Home
Search transcripts:    Advanced Search
Notable New     Yorkers
Select     Notable New Yorker

Frances PerkinsFrances Perkins
Photo Gallery
Transcript

Part:         Session:         Page of 731

I had thought so until I had been out in the field. She hadn't been out in the field. She'd been sitting there in the central office in touch with politicians, of course.

Johnny Gilchrist was a very smart man and a very close friend of Al's, a dear friend. He loved him. They were boys together. He was very clever, I thought, and had much better judgment than the typical politicians. Johnny saw early that the fact that Al was a Roman Catholic, that he was Irish, that he came from a poor city background, that he had an accent that was strictly New York, if not Brooklyn, was a handicap to him. He would be regarded as vulgar and common in some parts of the country, as well as that Roman Catholics were regarded with suspicion in many places. He get that idea very early.
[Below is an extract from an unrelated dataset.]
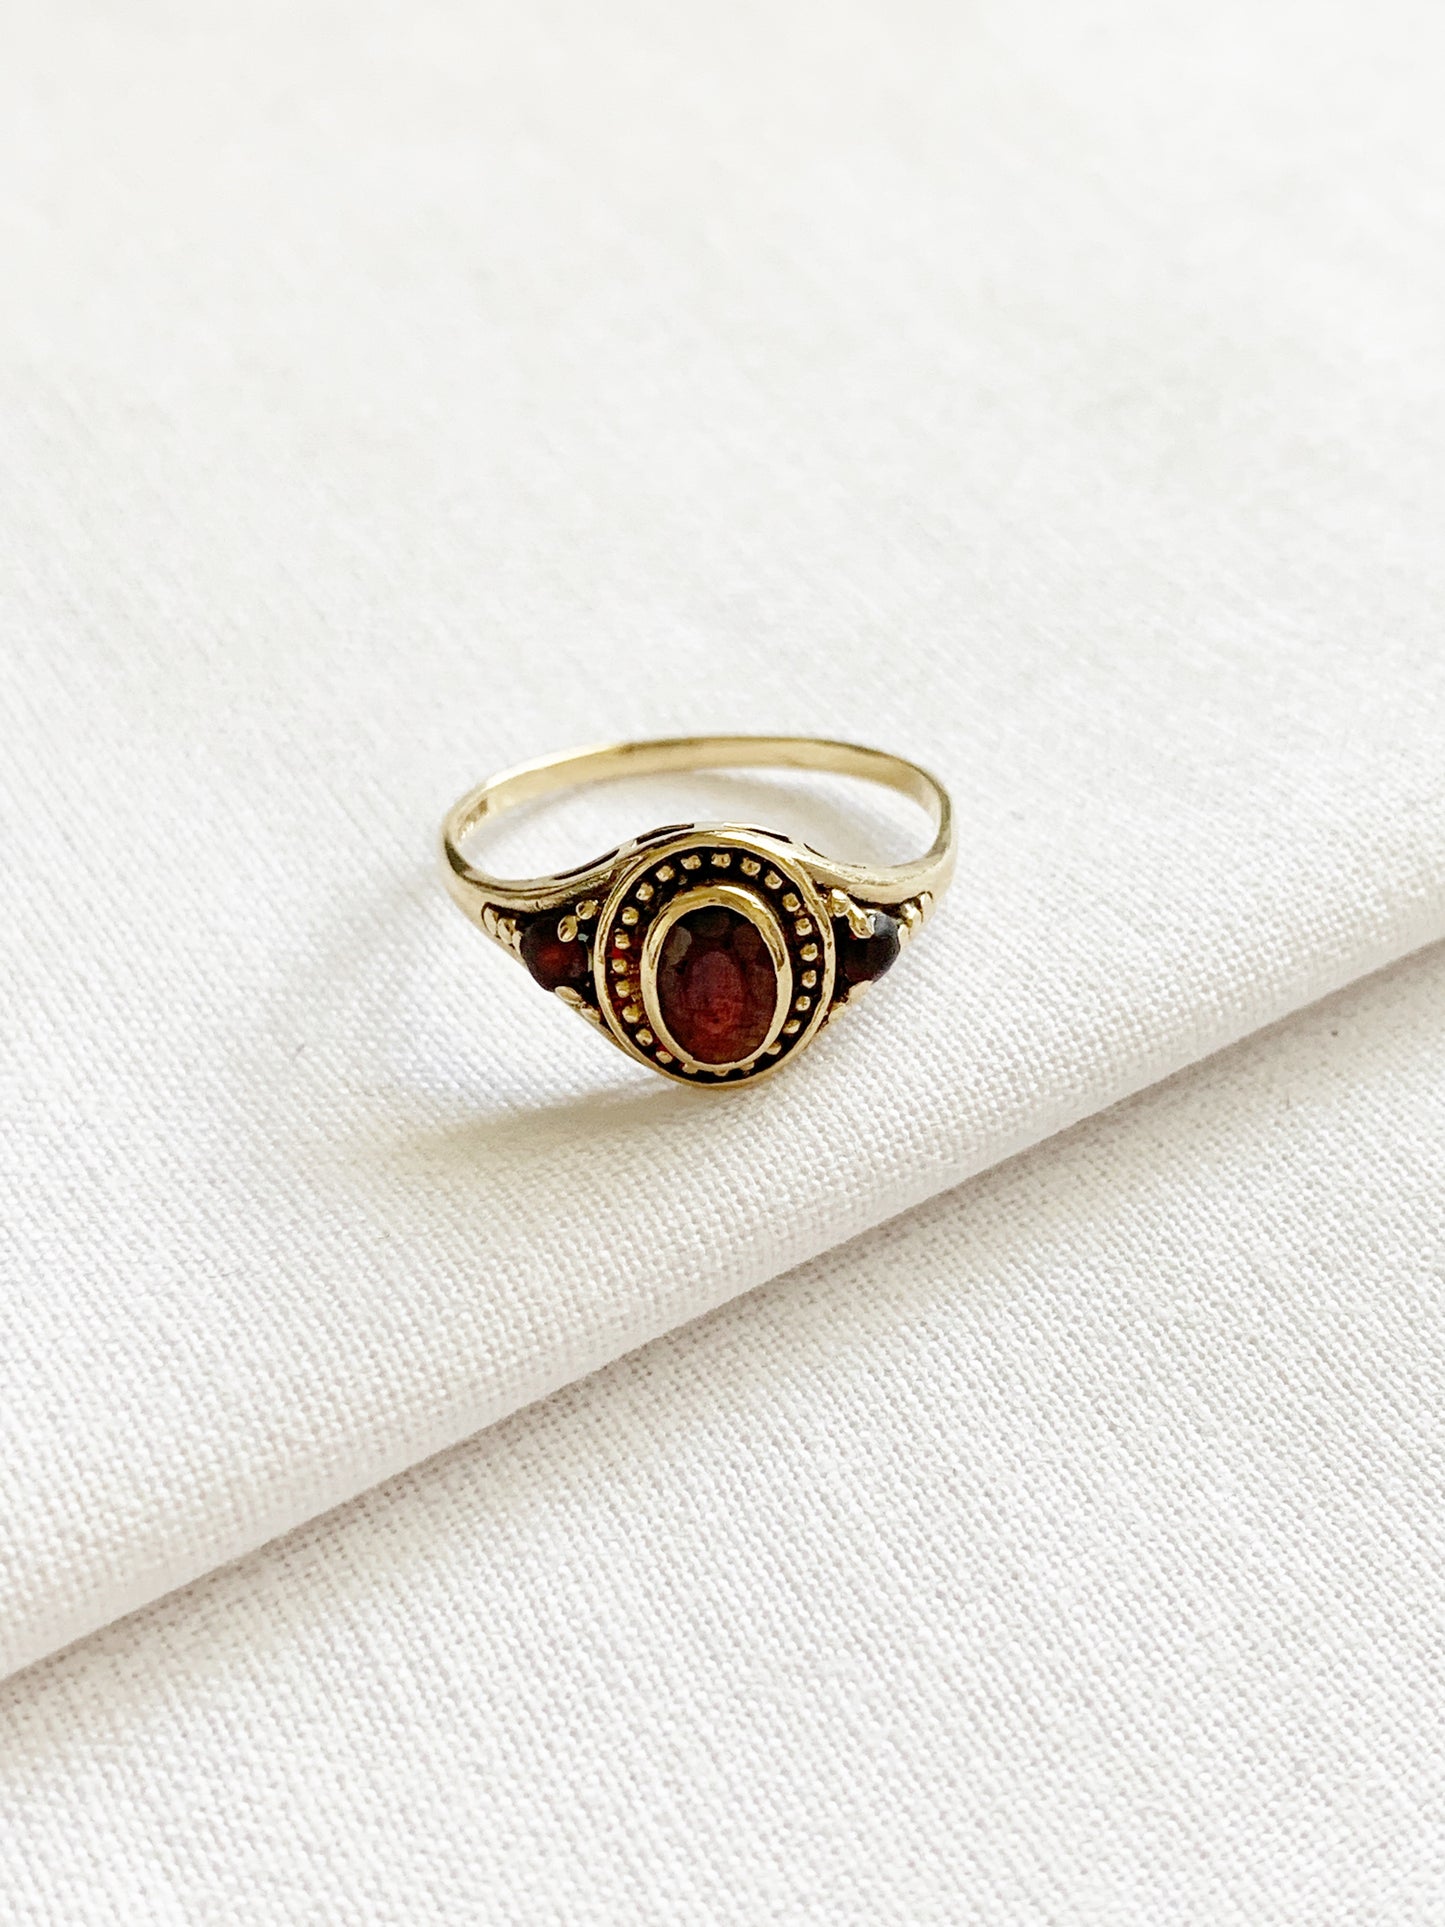 Vintage 9ct Gold Art Deco Style Garnet Ring

He said, “We must counteract that. We must send people who are really enthusiastic for Smith, who know him well, who are enthusiastic about him, and who are not themselves a product of the city slum, who are not themselves Roman Catholics, who are Protestant, Christian and refined (that was Johnny Gilchrist's word, not mine), know the best people, out to tell these doubtful Democrats about what kind of a man Al Smith really is. They must endorse him. They must say way they like him.”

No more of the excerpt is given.